Yeah, Eric Warren Singer's draft refitted the story into a seventies, cold war setting. A tact perhaps conceived to avoid any Interview style political fallout. Though it might well just be a product of the writer not finding a modern setting credible. Ultimately it was tossed out I suspect, because it wasn't very good.

ScriptShadow reviewed it a few weeks back, but I managed to get a hold of a copy for myself (PM me and if you're curious to read it). While it's not terrible, which is to say it's perfectly competent, and I can appreciate the attempts made to streamline the book's many plot threads, and deal with some of its issues, it's just not compelling. In the end it's guilty of the capitol crime of being boring.

To break it down though:

Act one’s pretty solid. Introduces the main players with economy and definition, while managing to construct a compelling action sequence early on that knows how to ratchet up the tension without blowing its wad.

Singer also strips away the grotesque caricature’s Matthew’s applied to the Russians, without diminishing their menace, and displays a far greater respect for Dominika as a human being, beyond simple admiration for her physical attributes and talents, even if he ultimately (and frustratingly) sidelines her.

Honestly, I was starting to think this was yet another half-witted review by ScriptShadow, and that we had perhaps been denied a properly good spy flick. Then I got into act two…

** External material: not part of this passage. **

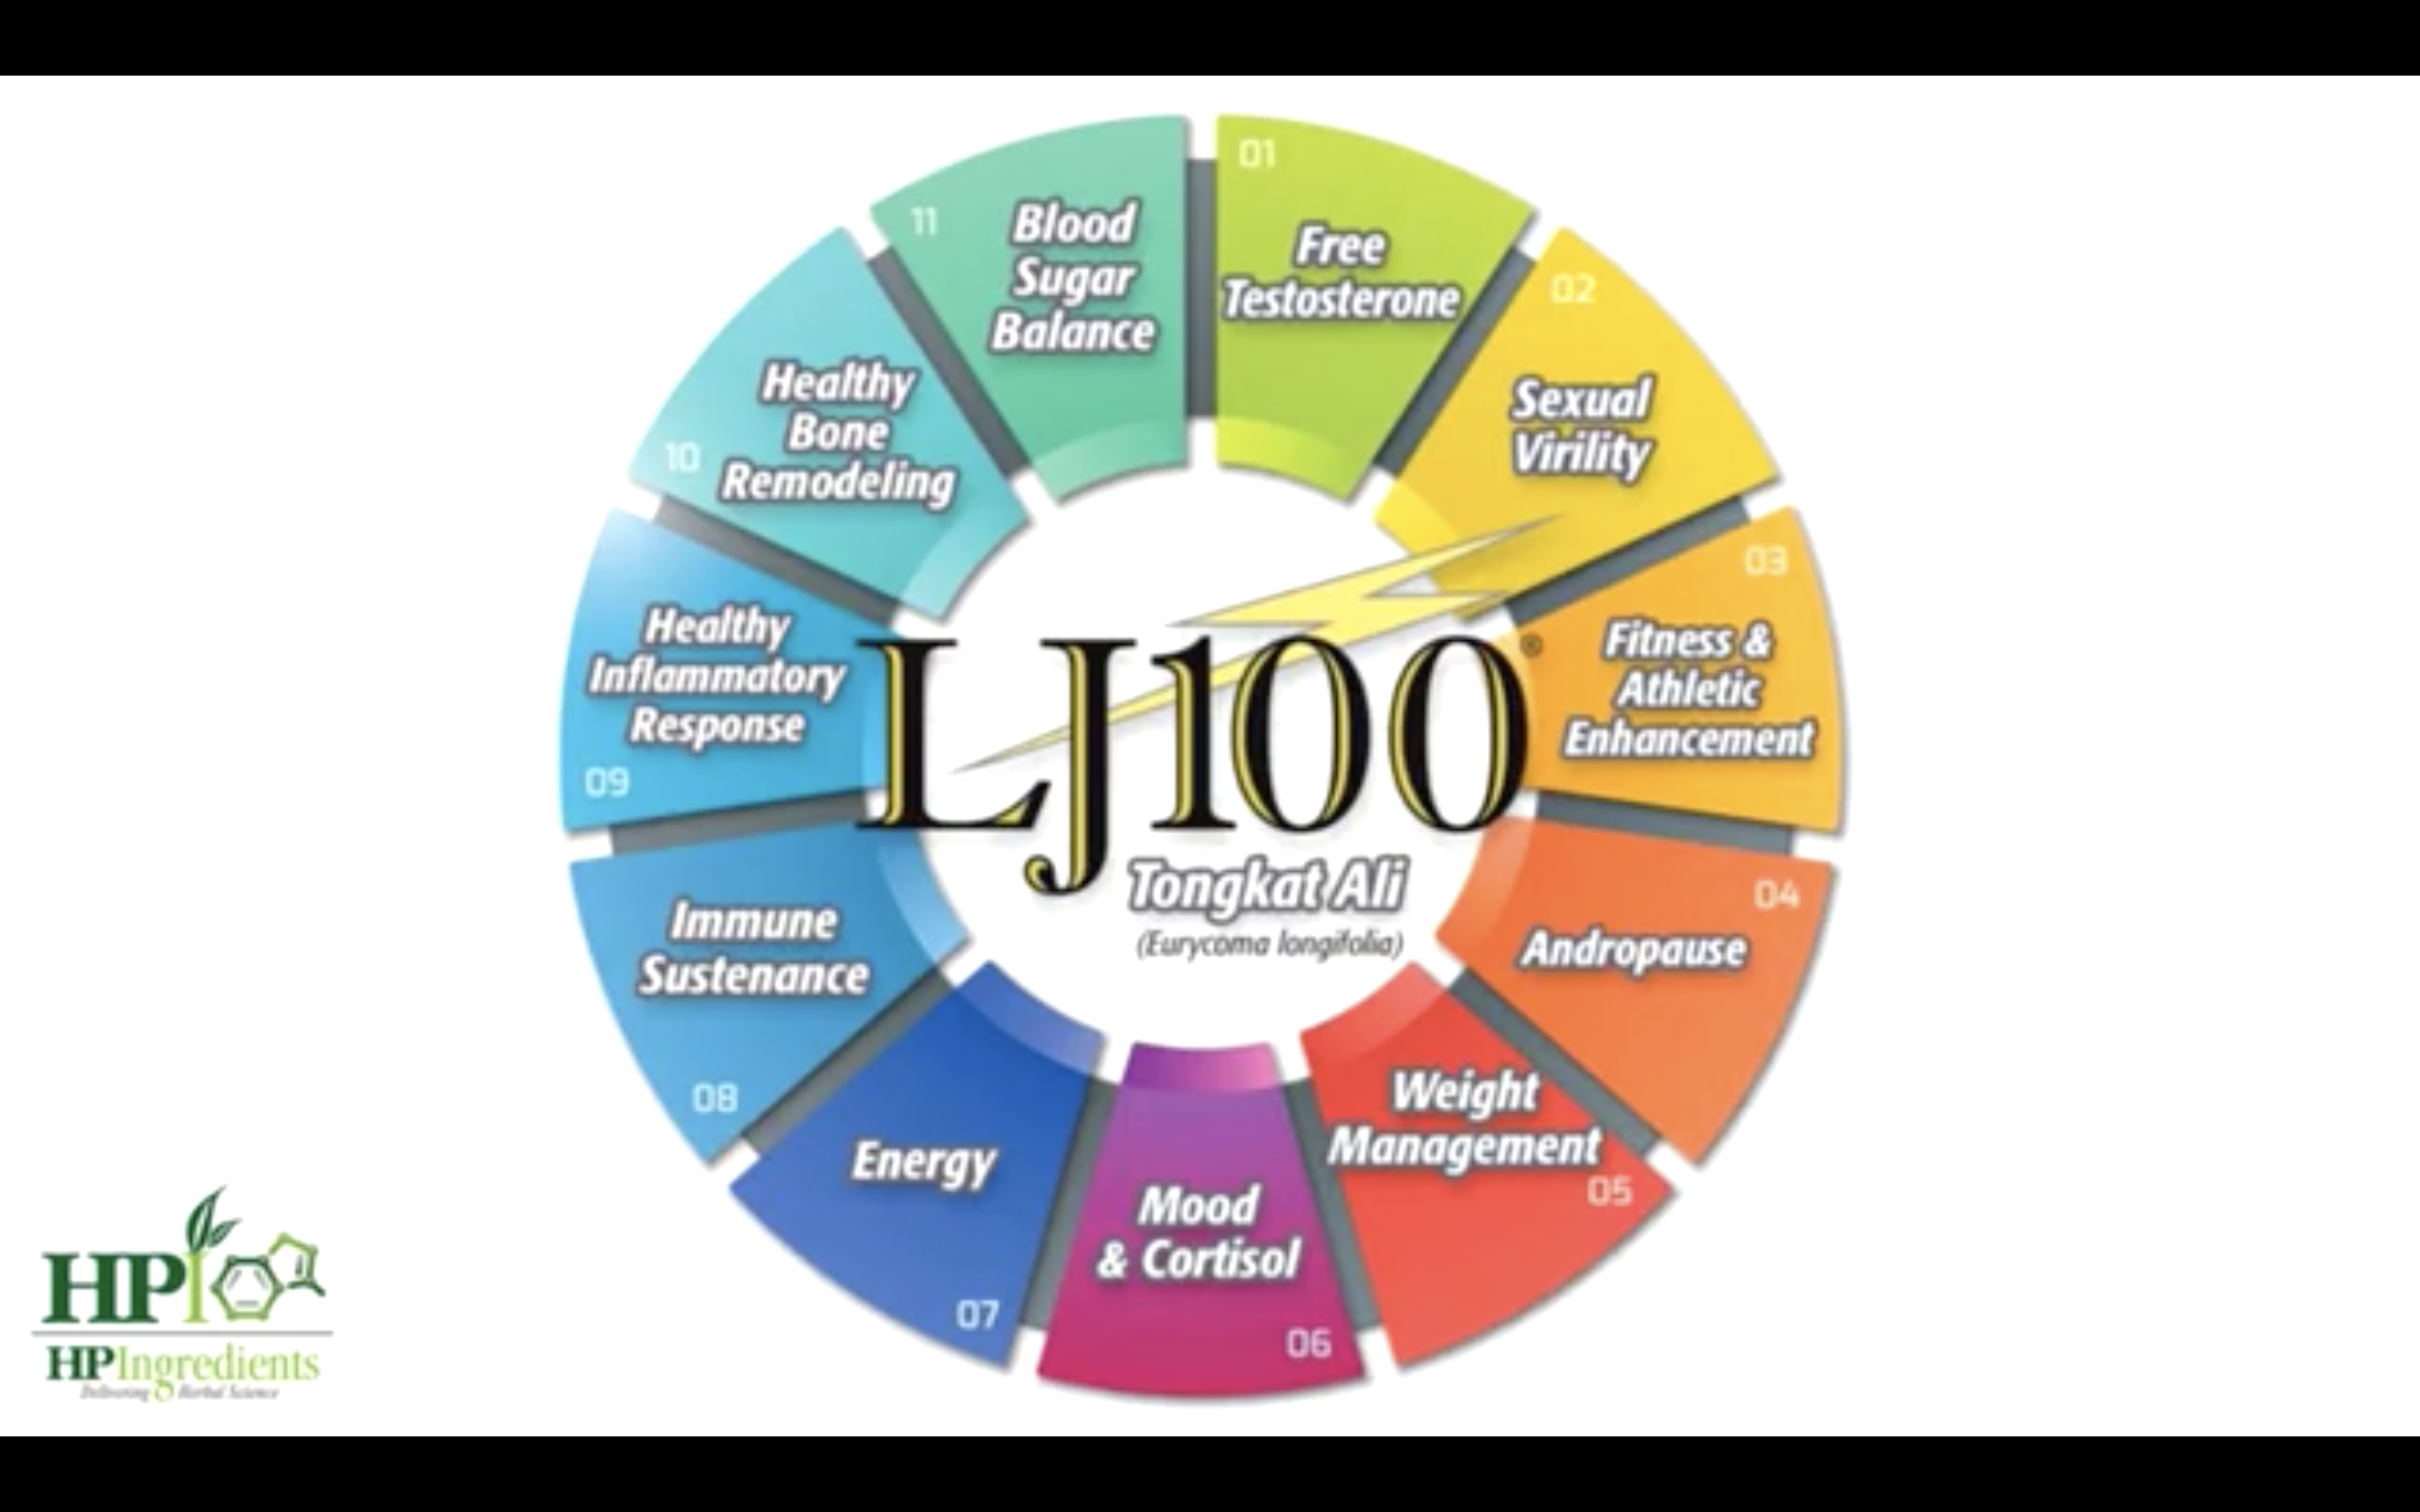 What is LJ100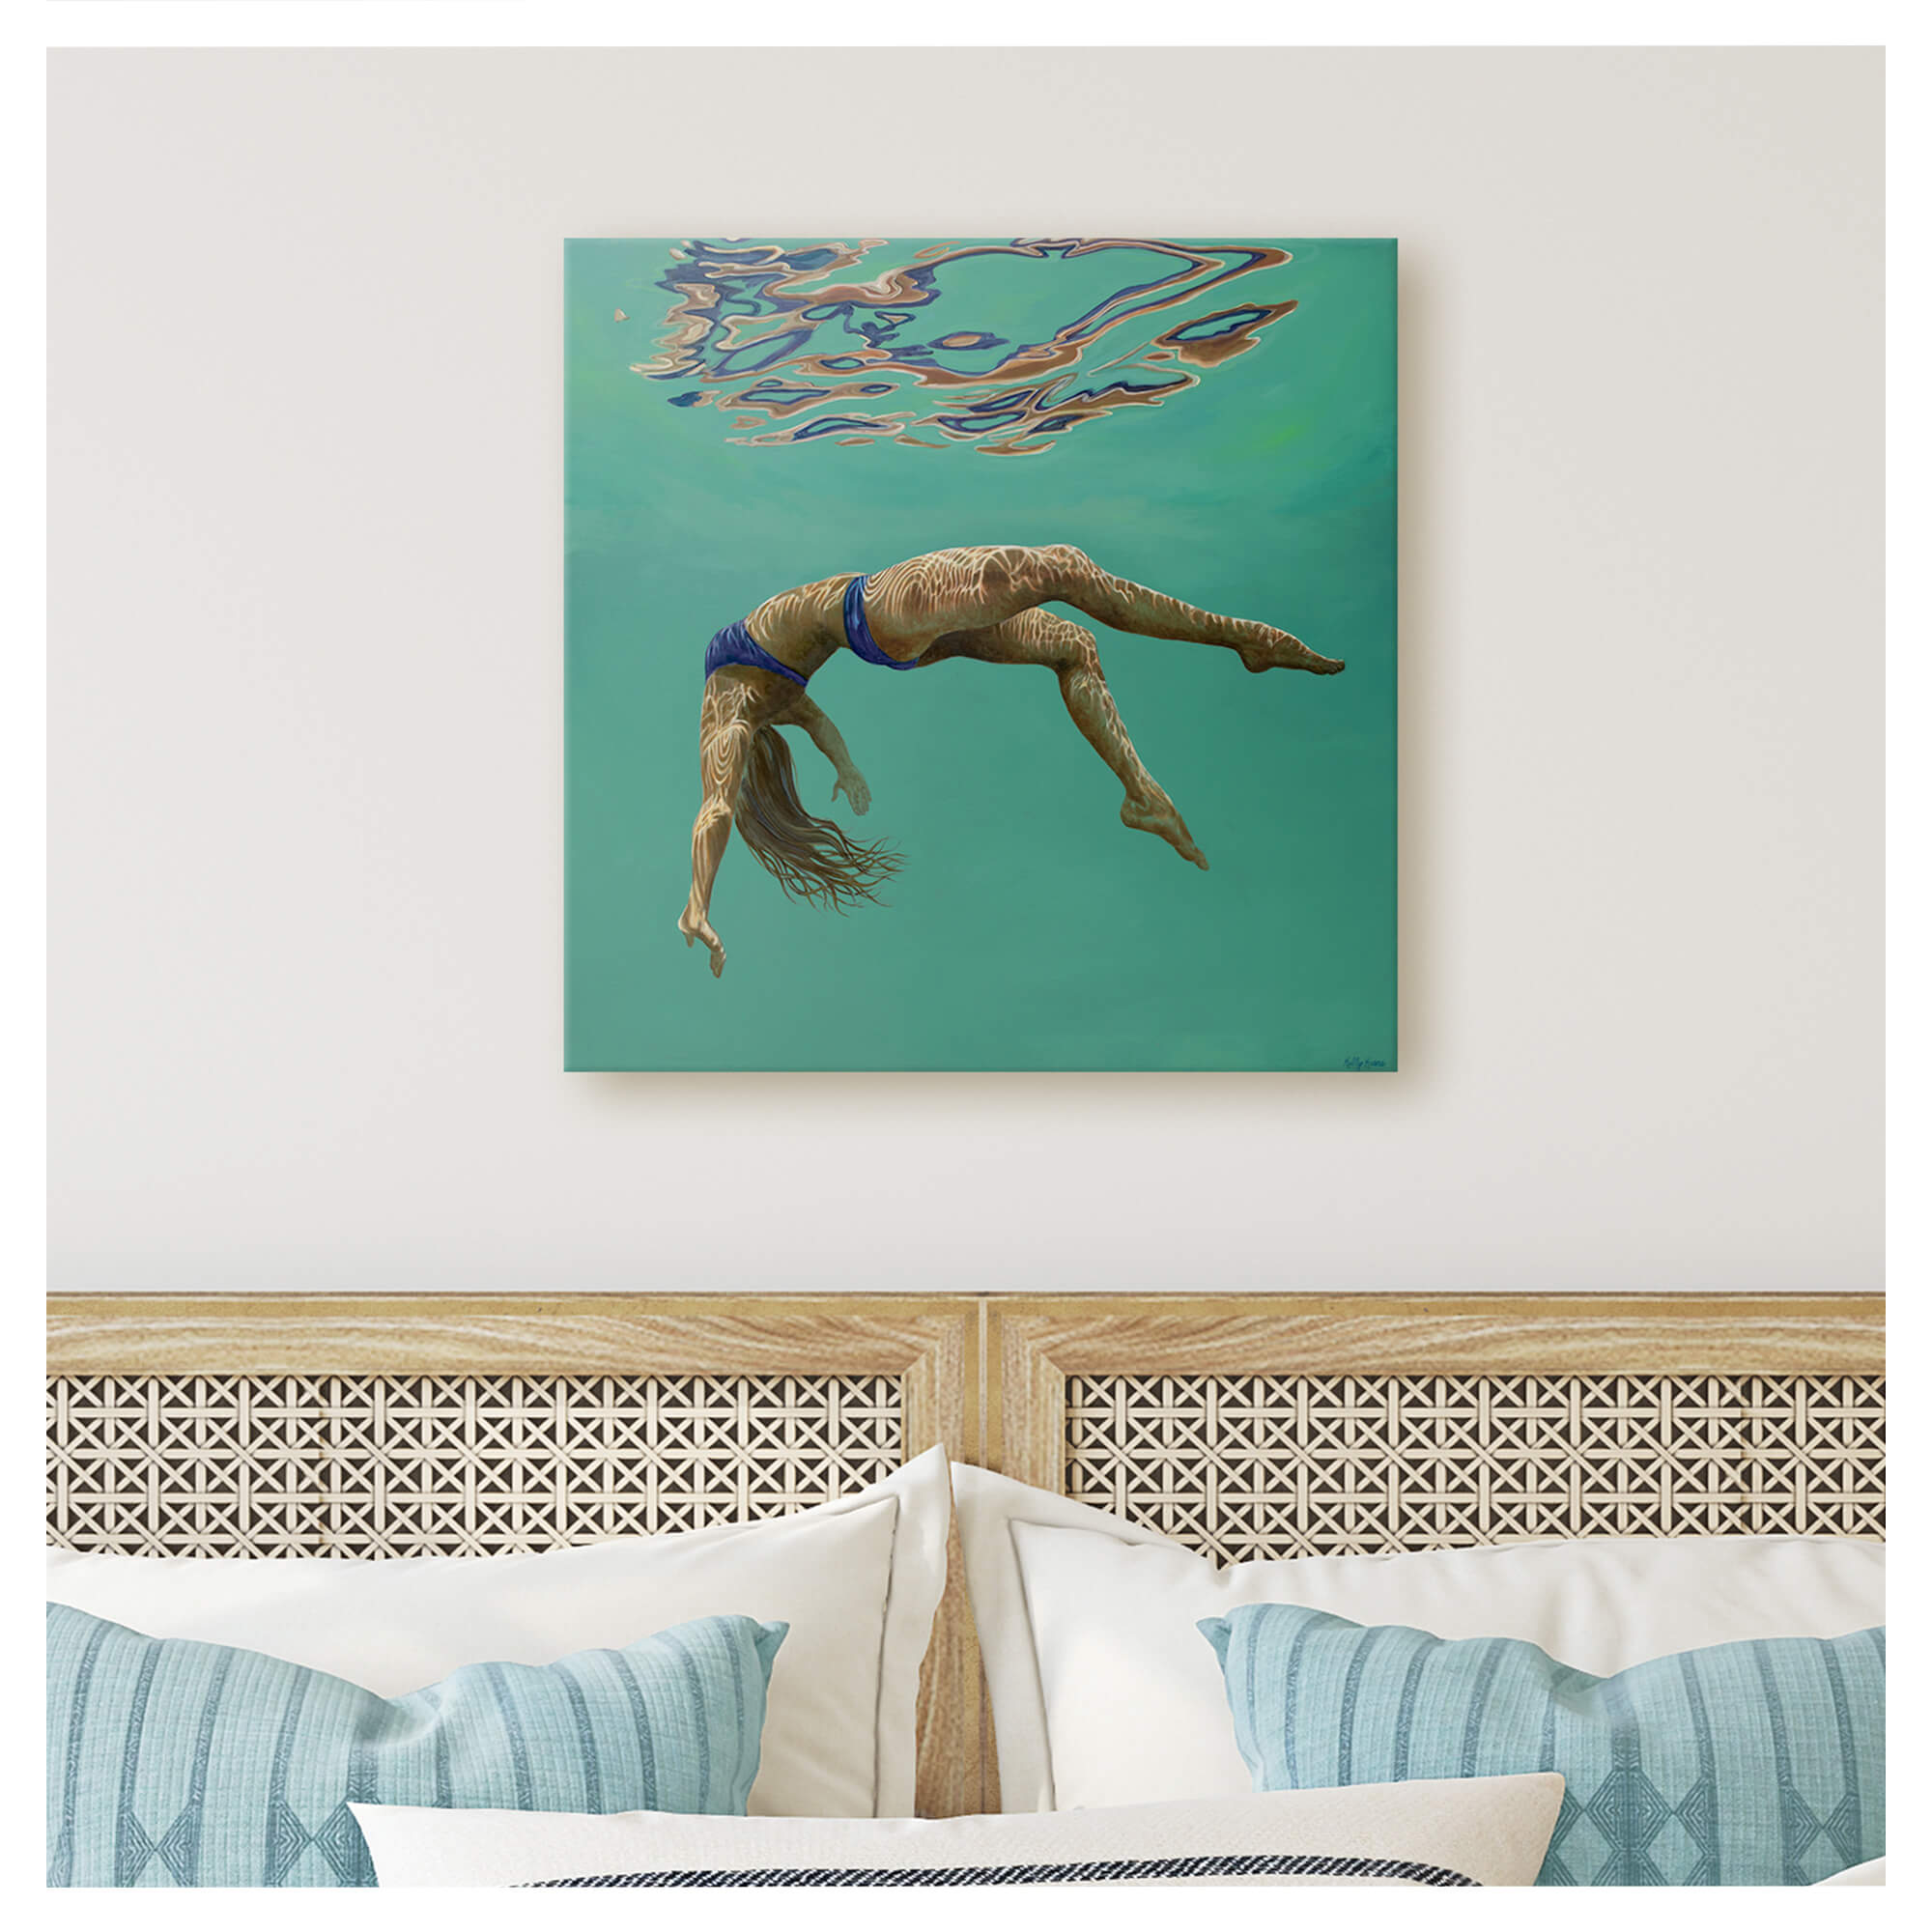 Canvas giclée art print of a woman free diving by Hawaii artist Kelly Keane

It’s debatable as to why Singer made the decision to excise the Sparrow School training. Was he concerned at how easily depictions of exploitation (particularly of the sexual variety) run the risk of seeming exploitative themselves (a trap the book falls into), or was it simply an adherence to that old screenwriter’s axiom which states that flashbacks should be avoided, that movies should exist in the present tense? I doubt it was about ratings, since much can be implied without the need to be graphic. In fact, a later scene in a hotel room makes this an even more unlikely motivator. Whatever his thinking though, the decision robs Dominika’s character arc of much of its heft and impetus, reducing her to a KGB operative who gets her head turned by a boy. A feeling that’s exasperated by the decision to have she and Nate posing as co-eds in Athens during the development of their love affair. Indeed, the whole 70’s Greek student anarchist milieu the script locates them in, is a big ole yawn. The result of all this is an effective handing over of the story to Nate. As the Russian mole’s erstwhile handler and the focal point of Moscow Centre’s attentions, it’s he whom we end up identifying with and focusing on. Without the Sparrow School indignities, and her struggle to find respect and evade abuse, our sympathies for Dom are rendered remote, and our understanding of her defection as a grab for personal agency, blunted. The real crime is that Dom could easily be the most interesting character in the picture. If only because her story is not one we’ve been told before.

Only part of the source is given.